In what circumstances will a motion judge strike down a negotiated settlement agreement?

Ontario, Canada


The following excerpt is from Lamadrid v. Silva, 1994 CanLII 3837 (ON CJ):

[14] In Craig v. Craig, the attack on a negotiated settlement agreement concerned, in part, the possible omission of a substantial term, which led the motions judge to question whether the parties were ad idem — fundamental question where the failure of a contract is alleged. As well, the husband raised a possible inequality of bargaining position, alleging that his wife had threatened his prosecution for the presentation of false mortgage renewal documents. Justice Rutherford decided in favour of the wife and agreed that there was no omission of a substantial term and no lack of a meeting of the minds. The solicitors had agreed, collaterally, to the execution of the mortgage renewal and a separation agreement was signed.

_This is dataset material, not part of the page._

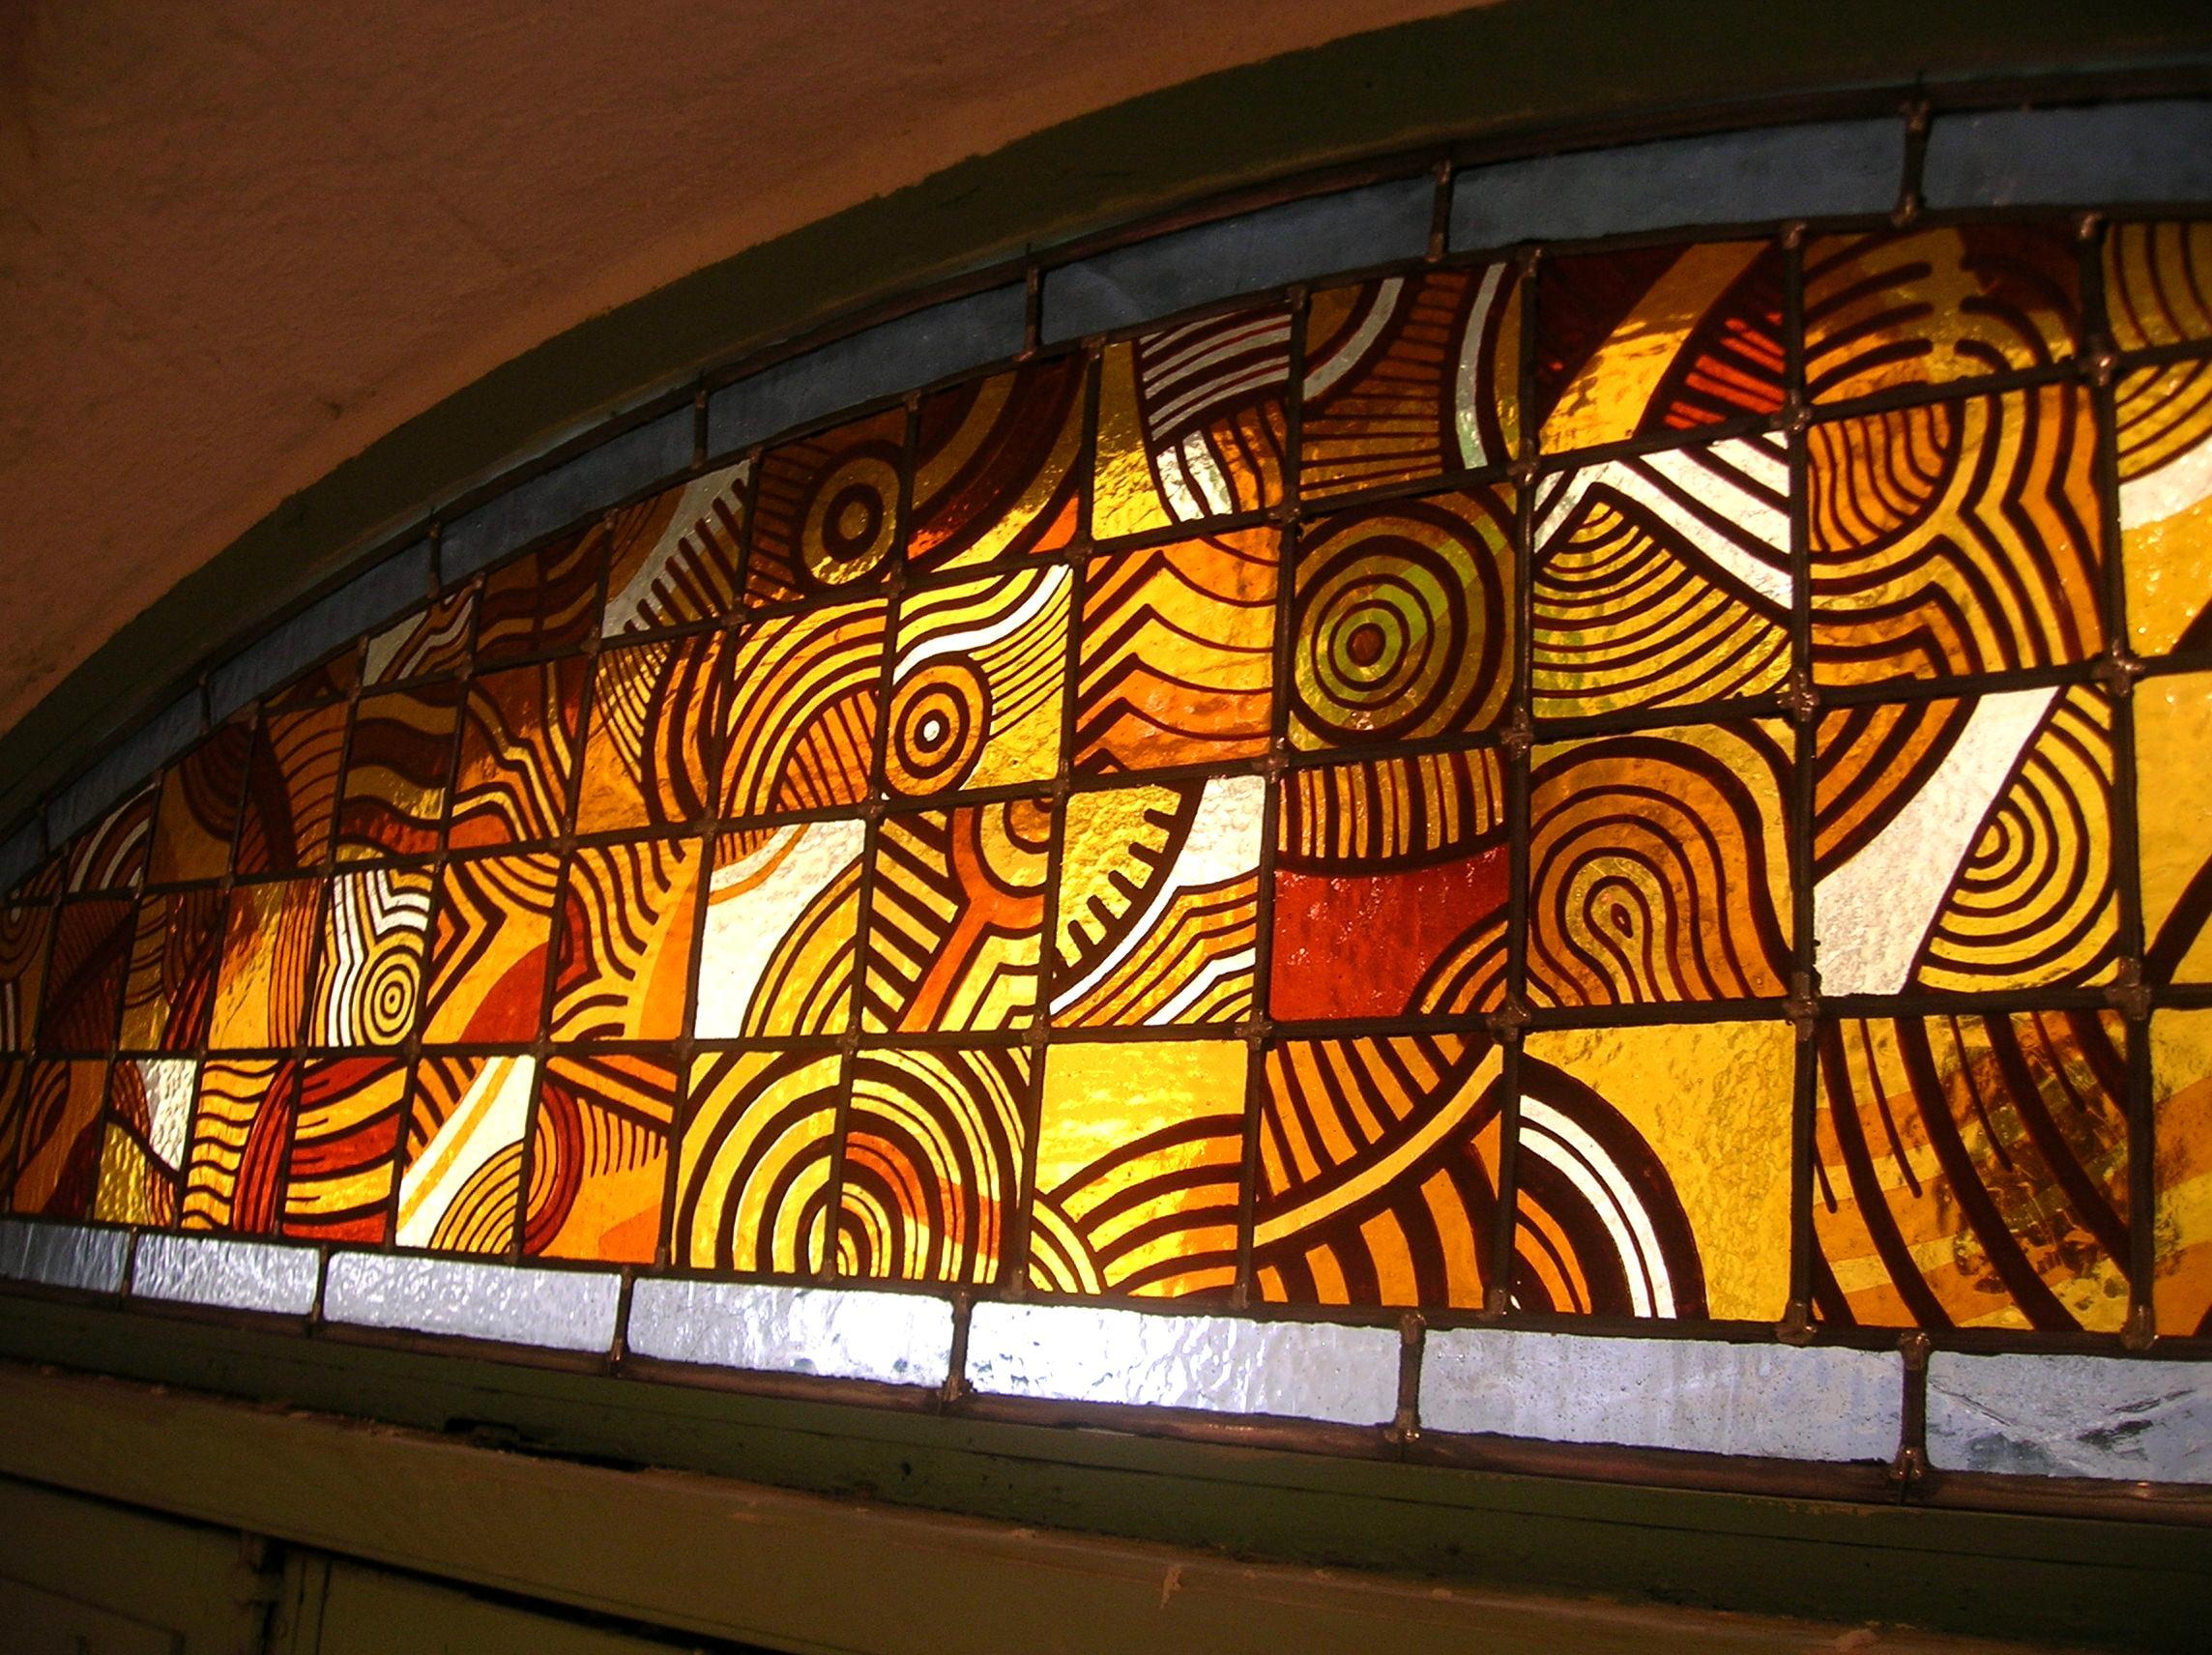 File peinture sur verre vitrail jpg wikimedia commons for Miroir vitrail modeles

[15] As I have said, the most unusual wording of the minutes represents a case much different from the agreement considered by Justice Rutherford in Craig v. Craig and there is not sufficient certainty to sustain the total settlement. It represented an agreement only to come to an agreement at a later time and is unenforceable, except as to the interim-interim aspects dealt with.

[16] The agreement made by these parties as expressed in the minutes cannot be viewed as ending this litigation for another reason. In Craig v. Craig, the husband’s allegation of bargaining inequality and coercion was found not to be the real reason for his repudiation of the agreement. In fact, his first wife had given notice of her intention to claim child support and the husband: . . . decided his agreed upon settlement with the petitioner was going to jeopardize his capacity to pay appropriate child support to his former spouse.